→ **Task description**
Print, from the listing below, the lines starting at the line containing "Download Aplikasi Dukcapil" and ending at the line containing "Halloween Skulls iPhone", exactly as they stand, and print nothing else.

→ **Source data**
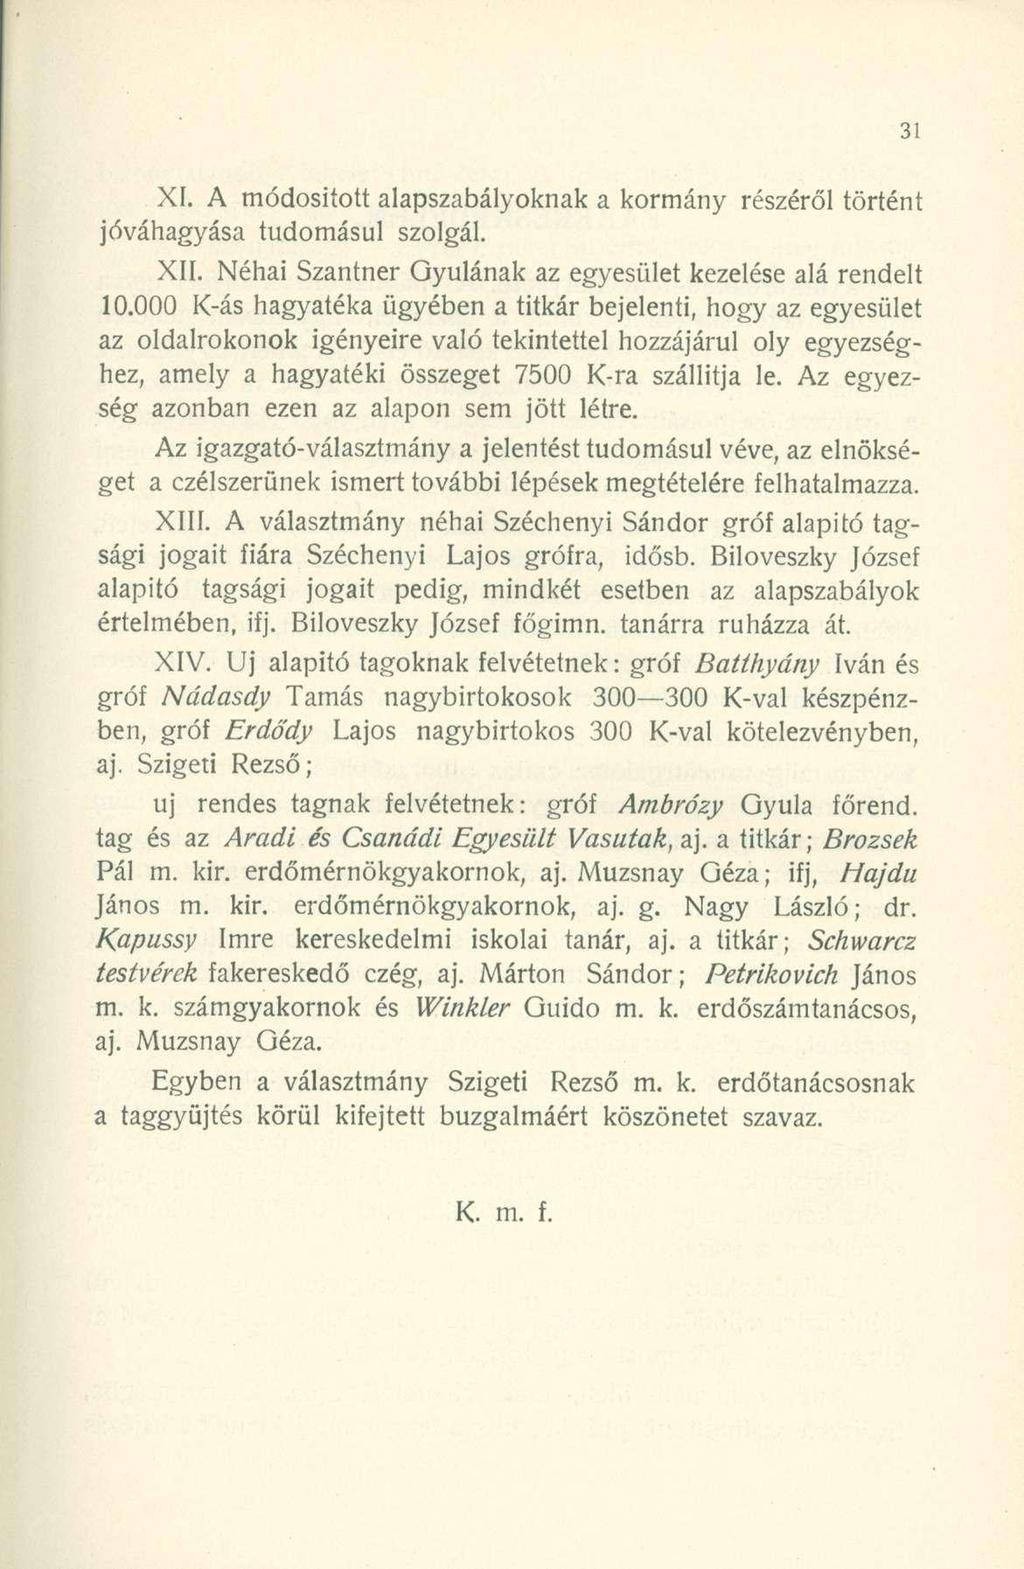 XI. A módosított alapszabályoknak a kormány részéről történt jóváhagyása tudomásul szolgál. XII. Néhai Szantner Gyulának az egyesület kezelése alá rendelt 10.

---

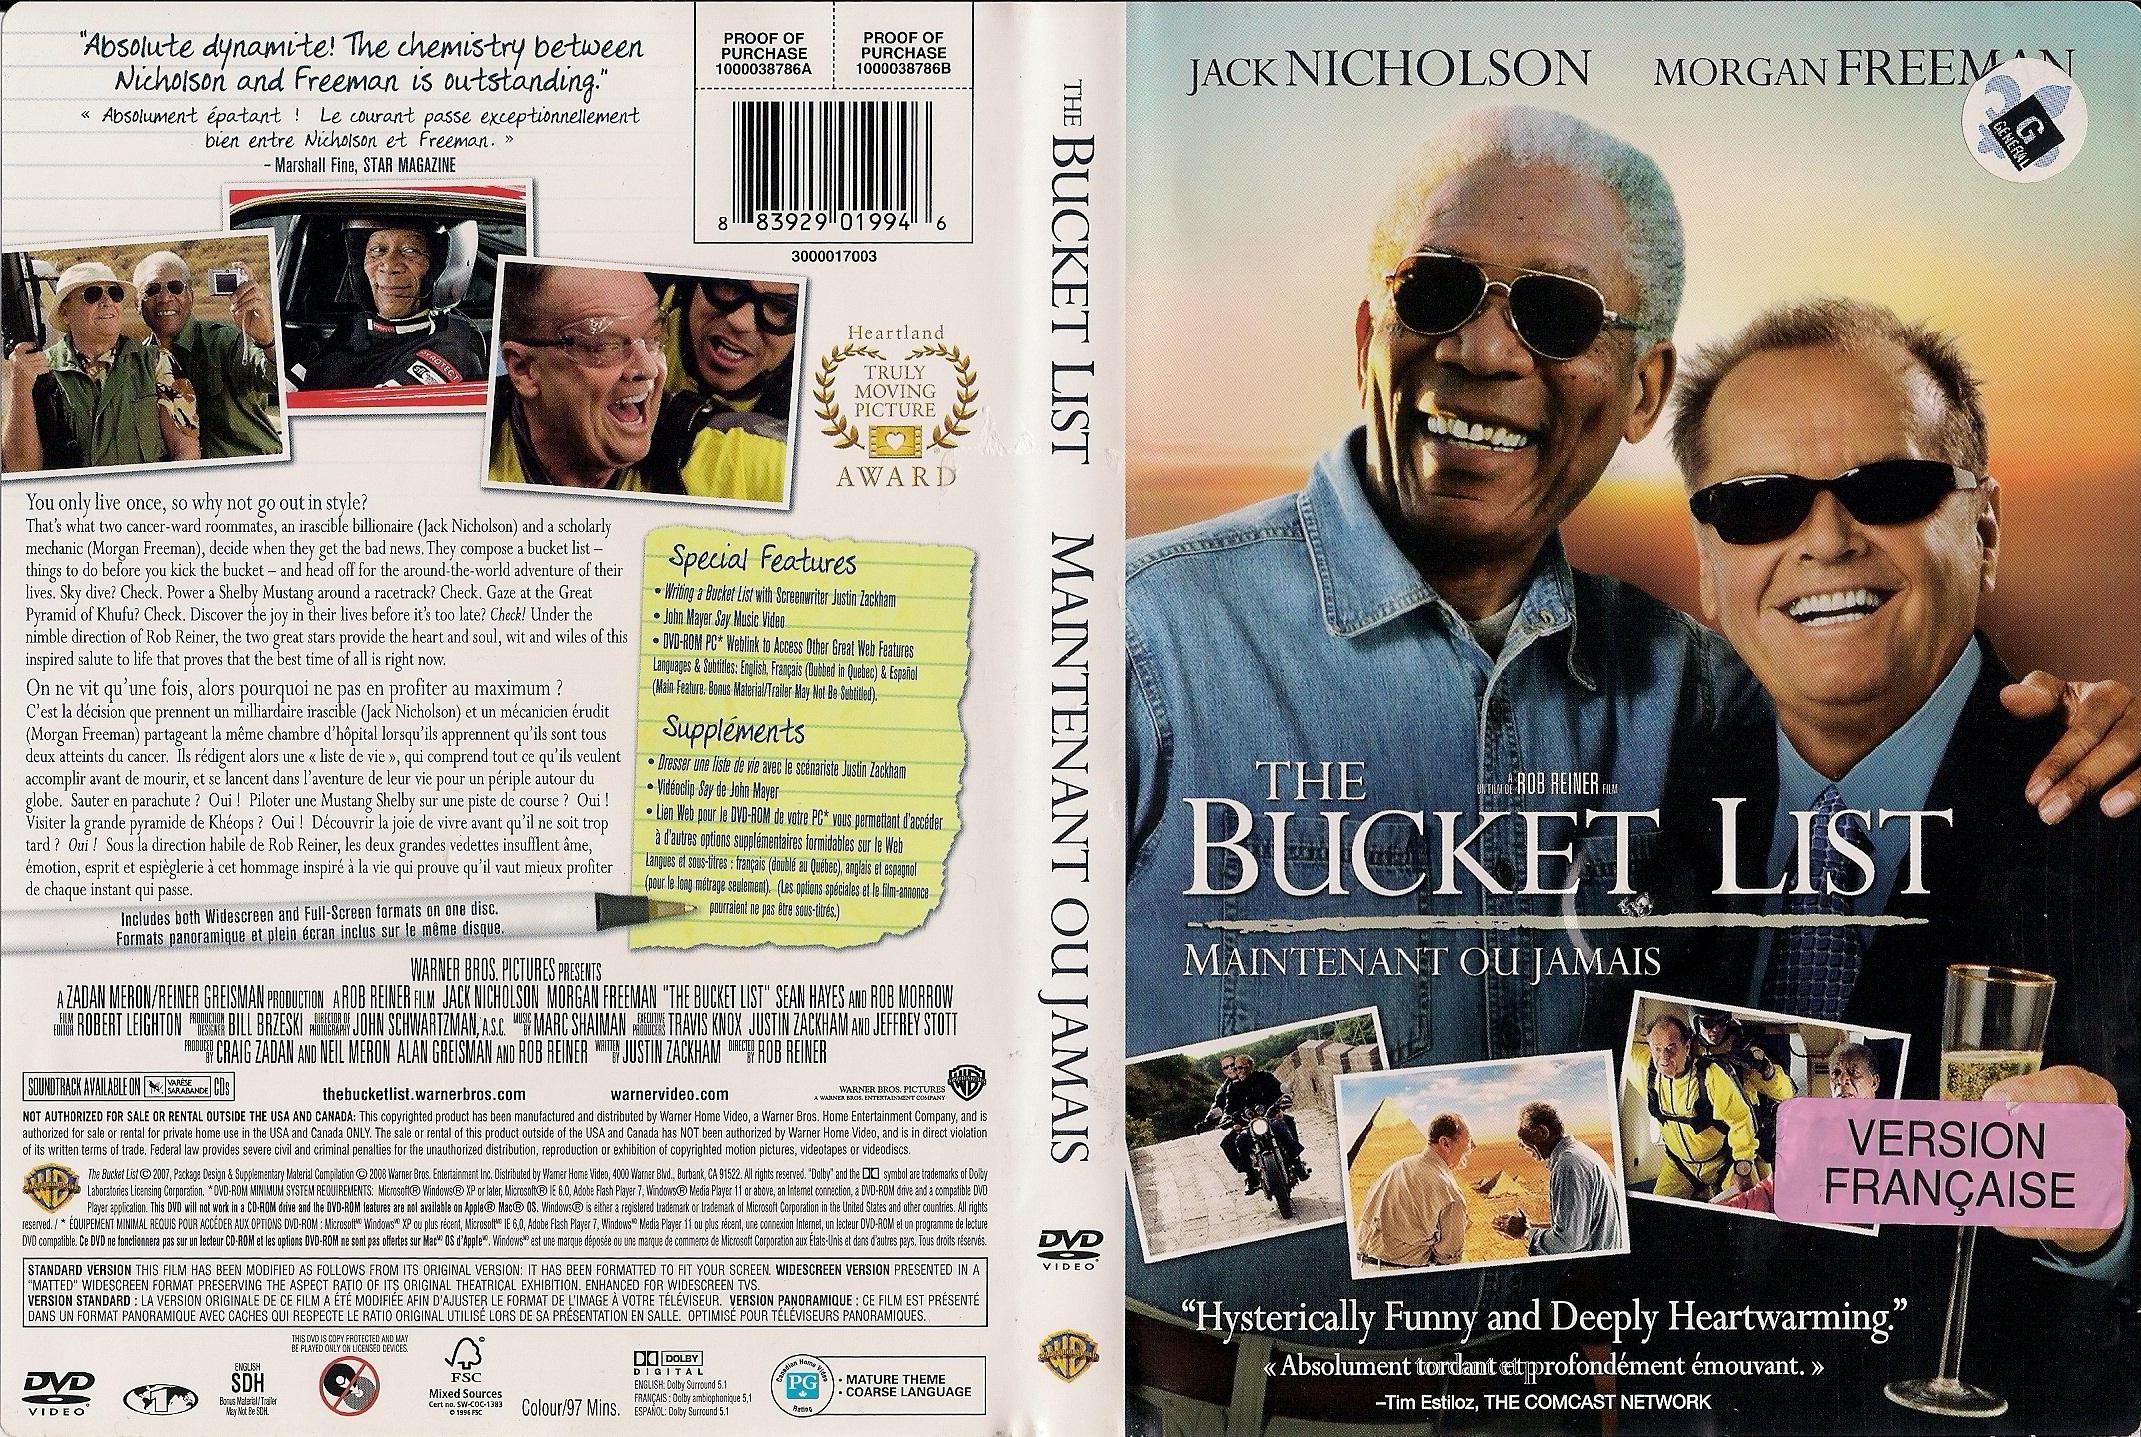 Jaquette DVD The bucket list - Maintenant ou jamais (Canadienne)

--

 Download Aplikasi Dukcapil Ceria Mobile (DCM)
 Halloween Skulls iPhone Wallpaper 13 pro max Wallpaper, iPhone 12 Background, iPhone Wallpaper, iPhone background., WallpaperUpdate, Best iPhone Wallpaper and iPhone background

→ **Solved exercise**
 Download Aplikasi Dukcapil Ceria Mobile (DCM)
 Halloween Skulls iPhone Wallpaper 13 pro max Wallpaper, iPhone 12 Background, iPhone Wallpaper, iPhone background., WallpaperUpdate, Best iPhone Wallpaper and iPhone background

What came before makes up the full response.